Amended Complaint (ECF No. 87). I. Ryan filed a Second Amended Complaint (“SAC”) which, as instructed, limited his claims to Eighth Amendment deliberate indifference claims and related

state-law claims that allegedly accrued during his time at the JCF from December 12, 2019 to March 12, 2022. See generally ECF No. 87. The defendants named in the Complaint were all employees of Corizon and/or Wellpath and provided medical

services to inmates in MDOC. ECF No. 99, PageID.2232. As noted in the R&R: Plaintiff raises four claims in his SAC. Claims One and Two allege that Defendants’ refusal to treat his various medical conditions amounts to deliberate indifference to Plaintiff’s serious medical needs in violation of the Eighth Amendment and the analogous provision of the Michigan Constitution. Claim Three is essentially a continuation of Claims One and Two; that is, Plaintiff asserts that because Defendants were deliberately indifferent to his serious medical needs, he has been denied special accommodations needed for him to participate in the activities of daily prisoner life. Claim Four is a combination of Claims One and Two—e.g., Defendants violated his constitutional rights because of their failure to treat his medical ailments. Lastly, because Plaintiff sues Defendants in their official capacities as well, he alleges that their unconstitutional deliberate indifference was the result of, essentially, a “no narcotics” custom or policy. Id. at PageID.2236-2237 (internal citations and footnotes omitted). Magistrate Judge Ivy found that while the SAC failed to state official capacity

claims, “… the majority—but not all—of Plaintiff’s individual capacity claims survive this initial screening.” Id. at PageID.2239. Specifically, the R&R recommends dismissal of individual capacity claims against all Defendants

predicated on [Ryan’s] pre-incarceration diagnosis (lumbar post laminectomy syndrome) and claims based on Plaintiff’s serious medical condition of “being totally incapacitated.” Id. at PageID.2240-2241. It further recommends dismissal of “the claims based on [Ryan’s] degenerative disc disease at C3- 4, moderate spinal

stenosis at C3-4, effacement of the spinal cord, advanced right peroneal mixed axonal and demyelinating neuropathy, lumbago, adhesive capsulitis of the shoulder, paresthesia, cervical radiculopathy, and lumbar radiculopathy” as to Defendant

Herro. Id. at PageID.2248. Finally, it recommends dismissal of Ryan’s official capacity claims. Id. at PageID.2252. And recommends that all remaining individual capacity claims stand. Id. II.

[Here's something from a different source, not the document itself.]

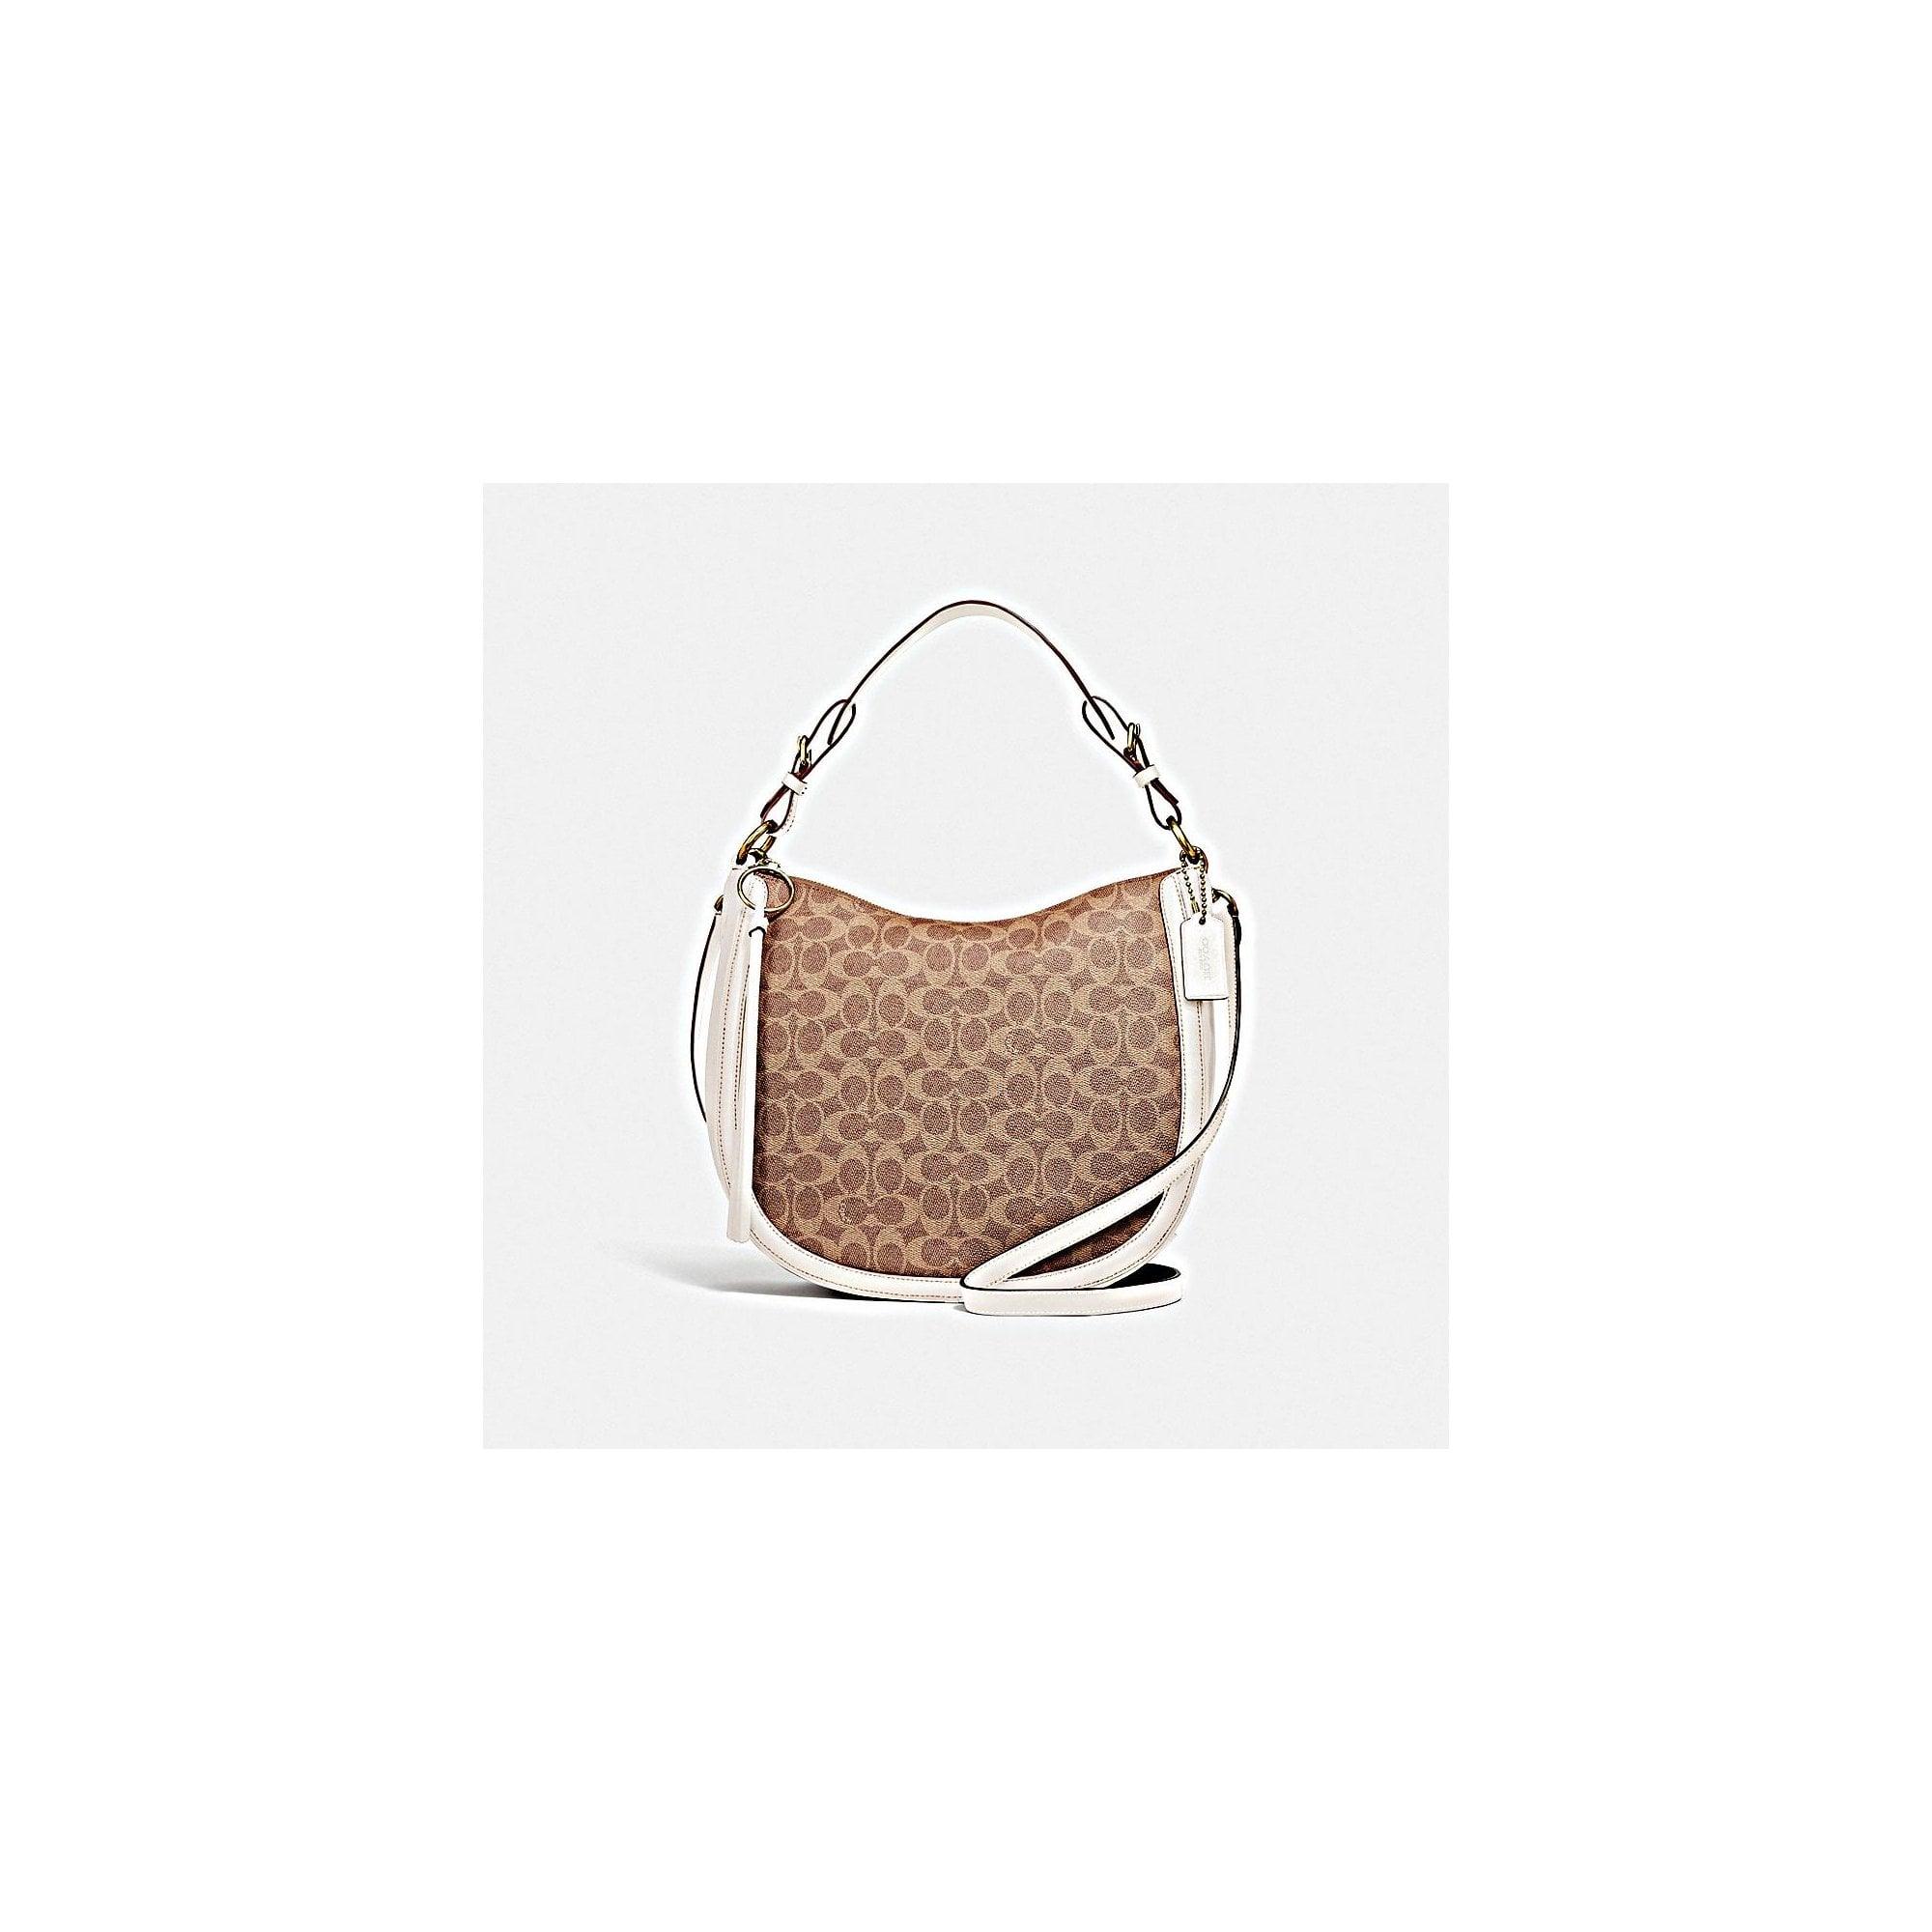 COACH Signature Sutton Hobo Bag in Tan Chalk 6760be1117503

Pursuant to Federal Rule of Civil Procedure 72(b), if a party objects to a Magistrate Judge’s report and recommendation, the District Judge, in conducting a de novo review, can “accept, reject, or modify the recommended disposition; receive

further evidence; or return the matter to the magistrate judge with instructions.” Fed. R. Civ. P. 72(b)(3). Objections must be stated with specificity. Thomas v. Arn, 474 U.S. 140, 151 (1985) (citation omitted); Mira v. Marshall, 806 F.2d 636, 637 (6th

Cir. 1986). The Court need not undertake any review of portions of a report to which no party has objected. See Thomas, 474 U.S. at 153. However, a de novo review of proper objections requires at least a review of the evidence before the Magistrate

Judge; and the Court may not act solely on the basis of a Magistrate Judge’s report and recommendation. See Hill v. Duriron Co., 656 F.2d 1208, 1215 (6th Cir. 1981). III. Defendants lodge one objection to Magistrate Judge Ivy’s R&R:

Objection No. 1: The report and recommendation erred in accepting Plaintiff’s collective acts arguments as stating a valid claim of deliberate indifference.

ECF No. 101, PageID.2260. Defendants argue that Judge Ivy mistakenly accepted general “collective acts allegations” as a basis of Ryan’s Eighth Amendment deliberate indifference claims. Id. Defendants argue that “Plaintiff must state a plausible constitutional violation against each individual defendant – the collective acts of defendants cannot be ascribed to each individual defendant.” Id. at PageID.2261.